Picture: ISTOCK
Picture: ISTOCK

It’s getting harder for chief marketing officers to influence and impress consumers, despite new technology and experiences that should be inspiring awe. Businesses are struggling to find a path to innovation because so many innovations don’t actually change consumer habits or spend, and marketers are still falling short when it comes to identifying the true needs of their consumers.

These are the views of Anjali Lai, a senior analyst at Forrester, in a recently published blog. She believes too many innovations don’t gain traction with consumers and end up being ditched.

Lai says that throughout history, innovation has driven the rise of living standards, and encouraged competition while driving economies, but recent innovations have failed to increase productivity in healthy economies such as the US – in fact, it is at its slowest pace since World War 2. Added to this, consumers feel that the quality of their experiences has plateaued.

There is so much data available around behaviour, social sentiment and consumer demand, but these factors don’t indicate how well consumers will adopt a new product or experience, she says. She adds that consumers’ lukewarm reception to product innovation is not a cultural phenomenon; indeed, people have never been as willing to try new things as they are today.

Forrester has spent the past few years doing research on this consumer condition – what makes consumers ready to engage with innovations or closed to brand offerings and how brands can deliver measurable value to their consumers.

Lai reports that Forrester’s research has unearthed the essence of consumer energy – defined as the “emotional and innovation embracing force that drives behaviour and attitudes”. The research outlines four key dimensions of consumer energy and says that consumers swing between them, much like a pendulum.

According to the research, the first dimension is identity versus isolation: those consumers moving towards identity want to be associated with their communities or tribes. Those who are moving to isolation want to be alone in their own worlds.

Trust versus distrust is the balance between consumers who want to believe that brands have good intentions, while those moving towards distrust have no confidence that brands will deliver on their promises.

The big take-out

Forrester’s consumer energy index is a dynamic framework which provides a spectrum indicating consumers’ readiness to embrace innovation.

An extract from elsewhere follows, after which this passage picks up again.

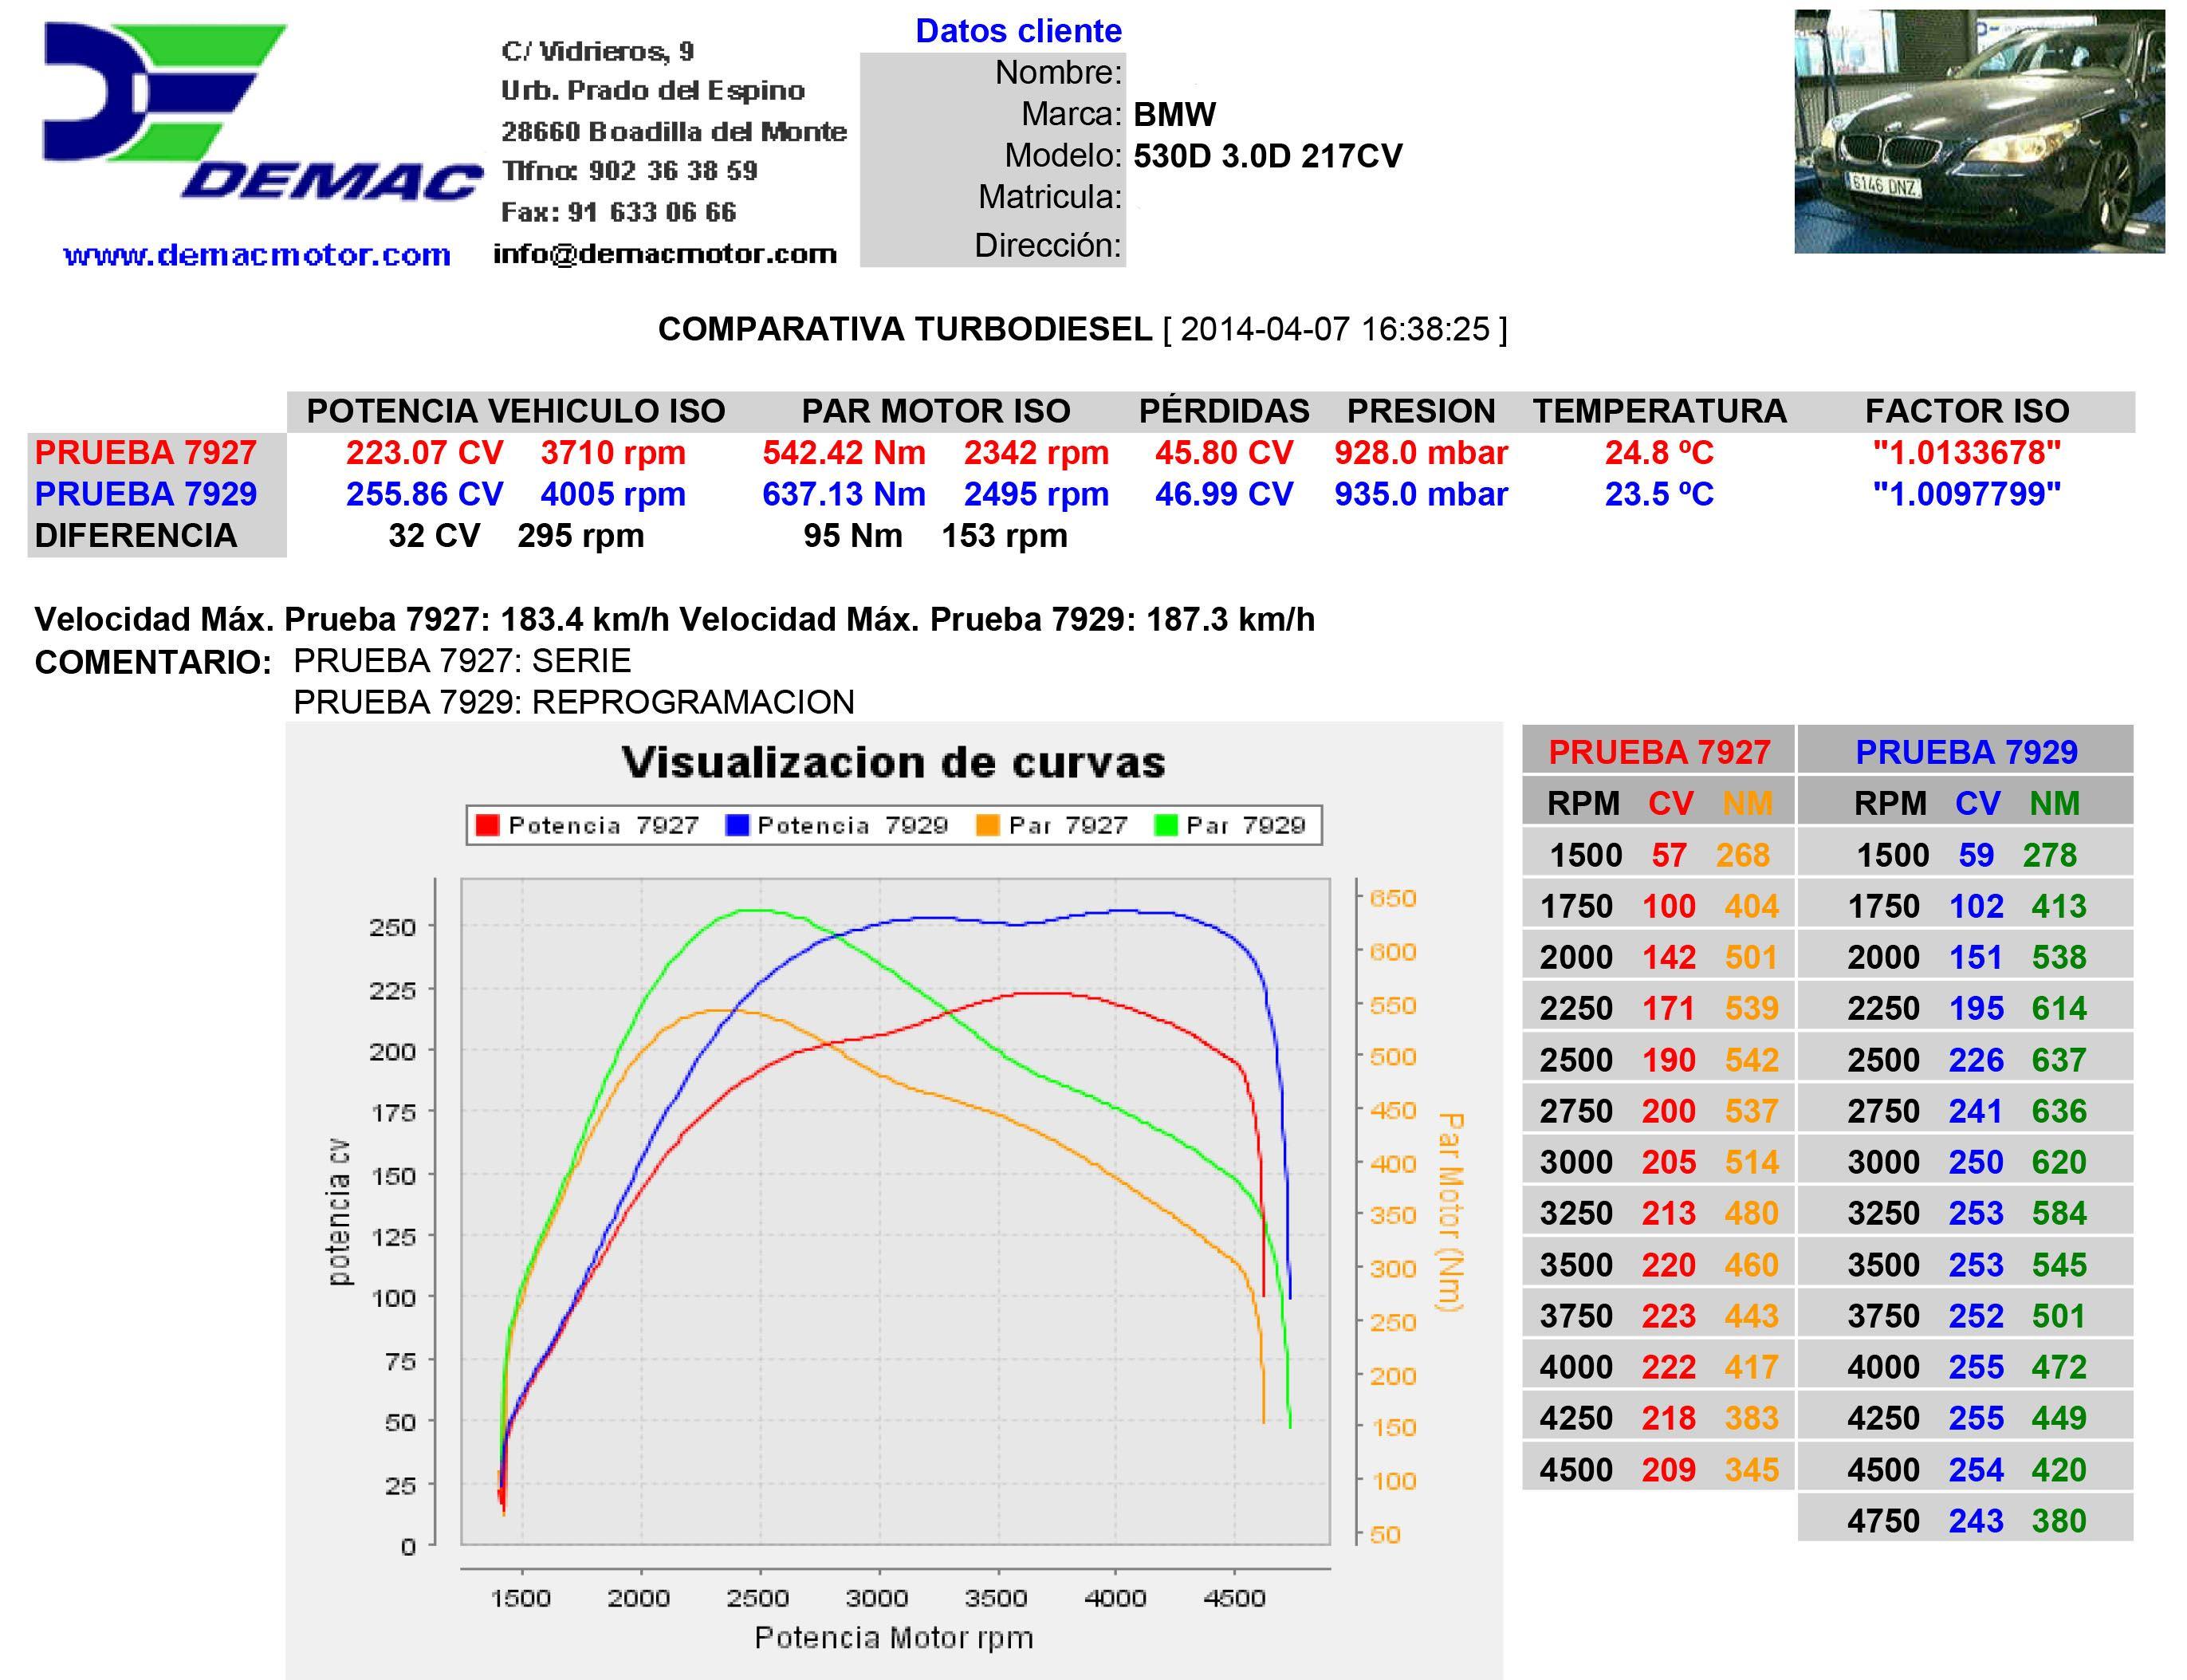 Reprogramación de centralita BMW 525d 177CV. Curvas de potencia y par de serie y reprogramado.

Novelty versus comfort is the opposing state between those consumers who have an appetite for new experiences and risk-taking and those who are looking for safety in the familiar.

Finally, there is the efficacy versus vulnerability dimension: consumers experiencing high levels of efficacy feel empowered to get what they want; those who feel vulnerable are experiencing a loss of control, the research states.

Lai says these findings have driven the establishment of Forrester’s consumer energy index. This is a framework which shows how ready consumers are to engage with innovations, based on their movement along the four key dimensions. She says that if they score on the right (identity, trust, novelty and efficacy) they are ready to engage, while those who scale left (isolation, distrust, comfort and vulnerability) will not be open to new experiences.